For the remainder of the semester, you will be working on our distributed art auction system. At regular intervals, we will be meeting as a class to discuss particular parts of the system and how they interact.
Clif and I have identified seven key parts of the system.
By Friday, we will assign groups to these projects.
In order to make successful progress on the system, you will need to meet a number of milestones.
By Tuesday, April 20, 1999, you should have a summary of what you expect your portion to do, what classes it will require, and how you your classes will interact with the surrounding classes. For example, ``When the user enters an artists' name in the artist administrator, I will call these methods of these components. The response will be returned to me in this way.

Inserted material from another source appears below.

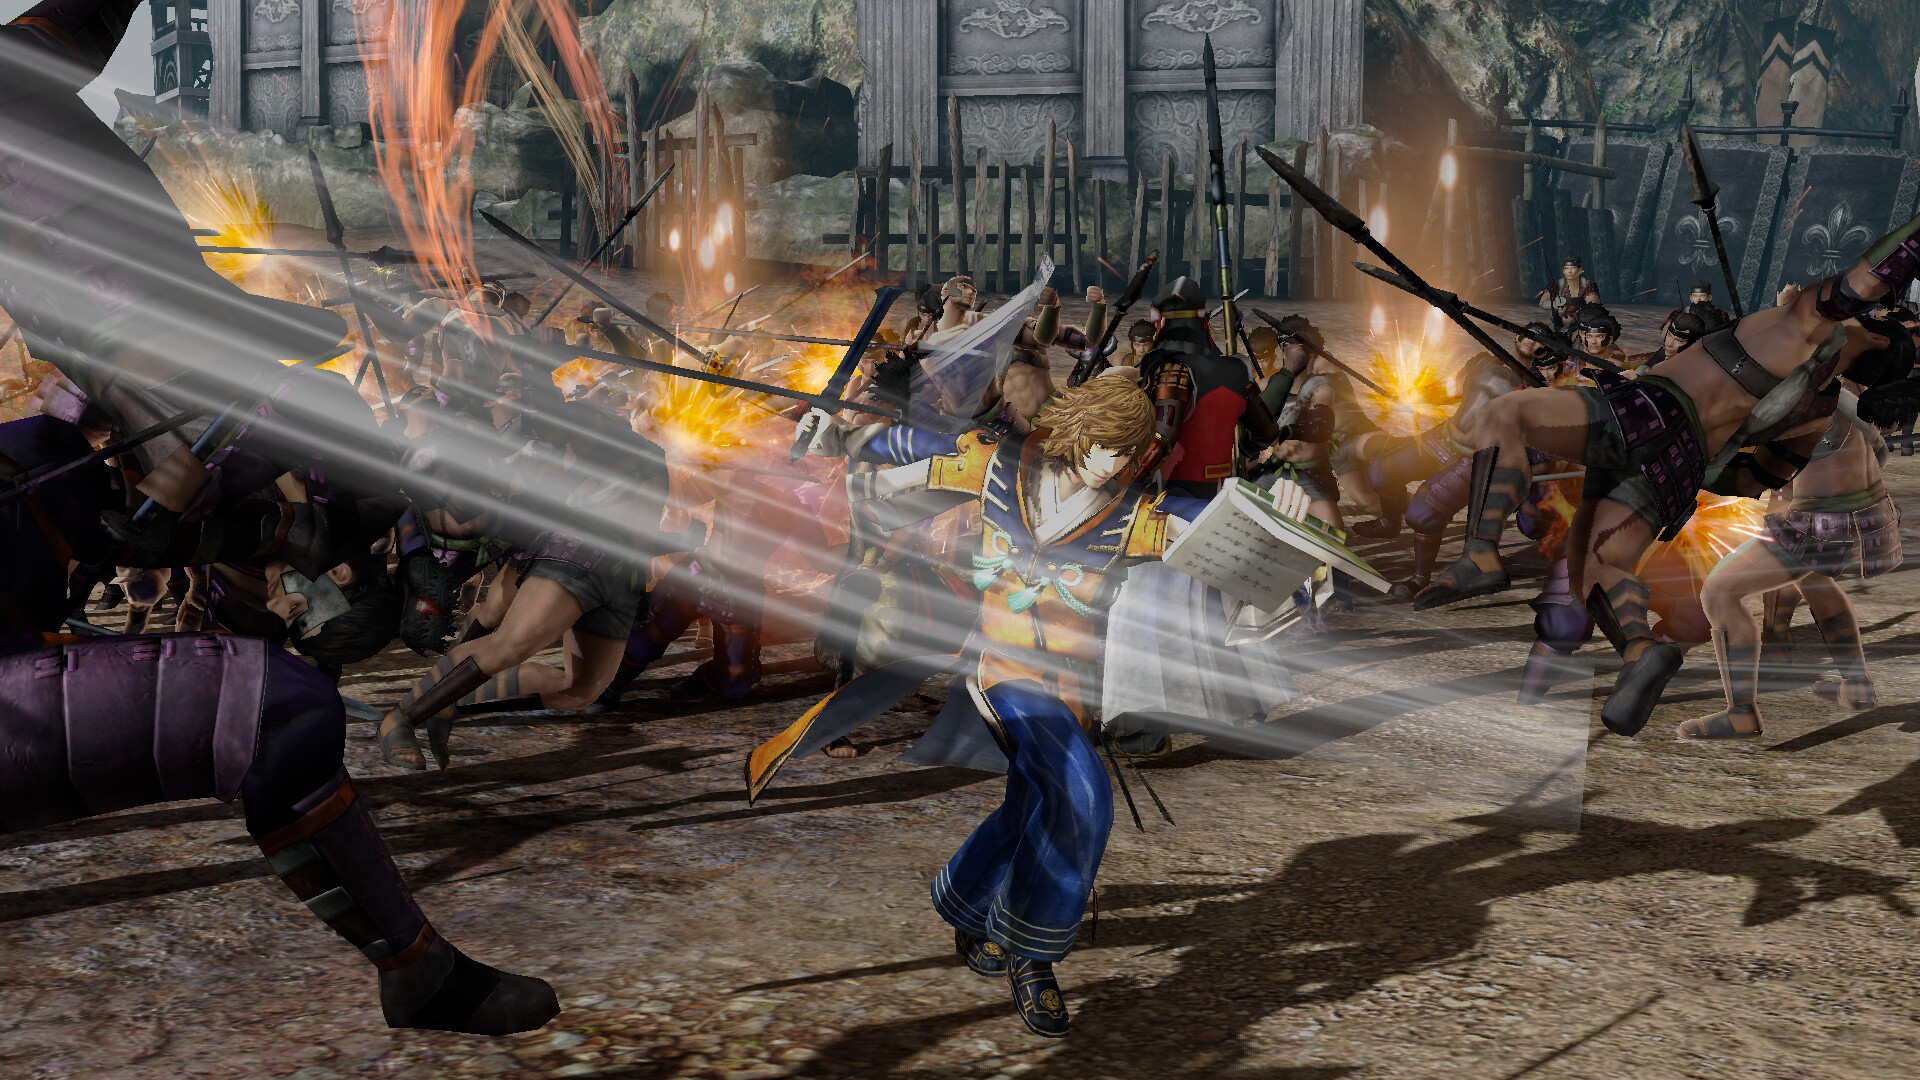 A screenshot from Samurai Warriors 4 DX

We will discuss these summaries and their implications on Wednesday, April 21, 1999.
By Tuesday, April 27, 1999, you should have a ``skeleton'' for each class you are responsible for building. The skeleton will include the methods headers, their descriptions, and their pre- and post-conditions. You will use stubs for the bodies. Those of you creating GUIs will also need to have the basics built (that is, all the components created and layed-out; the components need not work).
On Wednesday, April 28, 1999, we will discuss these class descriptions and possible GUIs.
By Tuesday, May 4, 1999, you should have a rough implementation of all your classes. Your things should work correctly by themselves.
By Monday, May 10, 1999, your classes should work correctly with the related classes. You will need to coordinate with other groups for testing. We will use lunchtime on Monday to demonstrate the project.
On Friday, May 14, 1999, each group should turn in a four page report on your project. It should summarize the design decisions, give enough information for other people to use your project, and also give enough information for other people to modify your project. Each student is also responsible for a one page report reflecting on the process by which you built the project (what was good, what was bad).